На миг ей вспоминается сестра Стефани: это относится и не относится и к ней, и мамочка, и мумия. Стефани тоже вышла замуж из сексуальных побуждений. Глядя на толстяка Дэниела, в это трудно поверить, но Фредерика знает, что это так. Выходцы из семьи интеллектуалов, изволите видеть, отчаянных либералов: у одной муж церковник, у другой владелец поместья в захолустье. А что причиной? Секс! Стефани, пожалуй, была счастлива. Полного счастья не бывает, но Стефани любила Дэниела, и Уилла любила, и Мэри, в этом сомнений нет. Стефани была в известном смысле предрасположена к самоуничтожению. Фредерике кажется, что она и за Найджела вышла, потому что Стефани вышла за Дэниела и погибла, и сейчас мертва, и останется мертвой. Стефани выломилась из кембриджского кружка с его непрестанными рассуждениями о тонкостях эстетических и нравственных категорий, она потянулась к счастью плотскому. Подобно леди Чаттерли, отправилась в лес на свою погибель, волоча за собой строки цитат из слепца Мильтона, Суинберна с его «бледным галилеянином»
[61], Китса с его «строгой весталкой тишины»

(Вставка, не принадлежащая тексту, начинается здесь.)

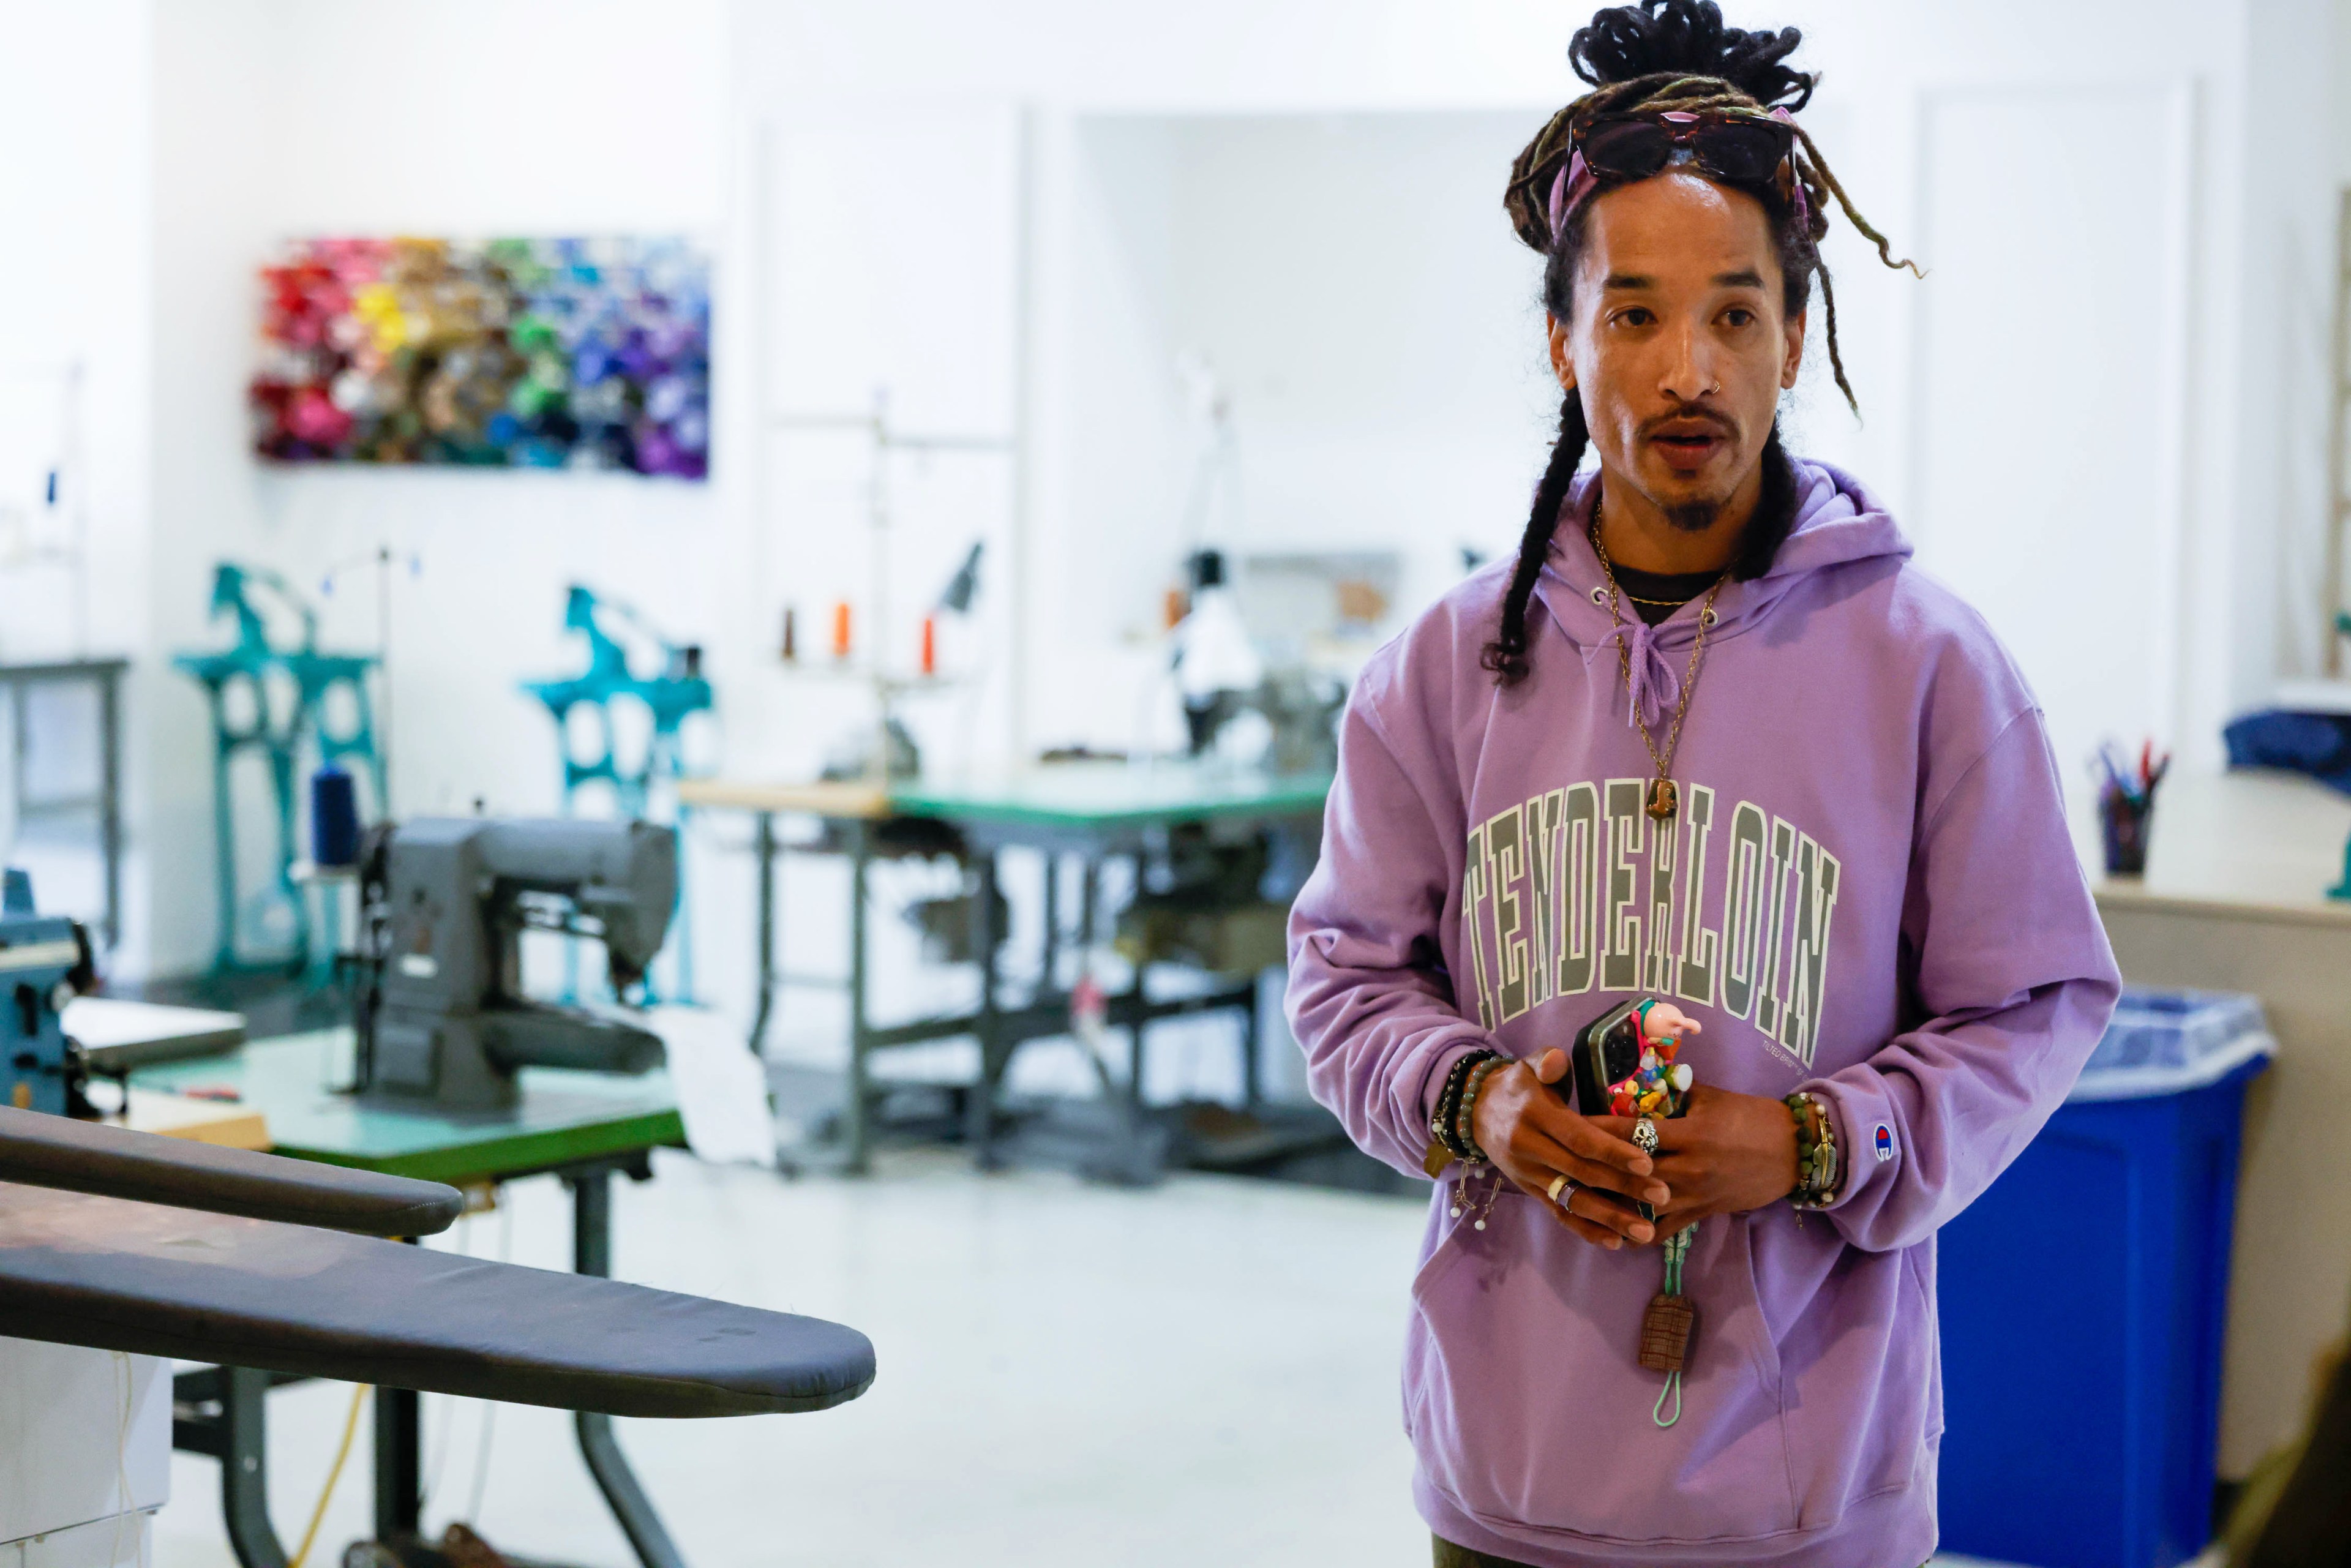 A man stands in a workshop with sewing machines, wearing a purple hoodie and adorned with jewelry.

[62], из шекспировой Прозерпины
[63], – волоча их за собой и желая от них избавиться, желая потерять себя и обрести себя телесно, по-весеннему… Был у нас такой миф, мысленно продолжает Фредерика разговор с Хью, что тело – это истина. Леди Чаттерли ненавидела
слова, для Найджела они не существуют, я без них не могу.
Я поселилась здесь, потому что смерть Стефани меня уничтожила – по крайней мере, на время, – и я смогла зажить в собственном теле.
И Лео жил – гостил – в моем теле, был его частью. Теперь уже не часть, теперь сам по себе.
Не совсем.
Кто ему важнее: «мамочка» здесь или «Фредерика» там – там, где Фредерика может быть Фредерикой?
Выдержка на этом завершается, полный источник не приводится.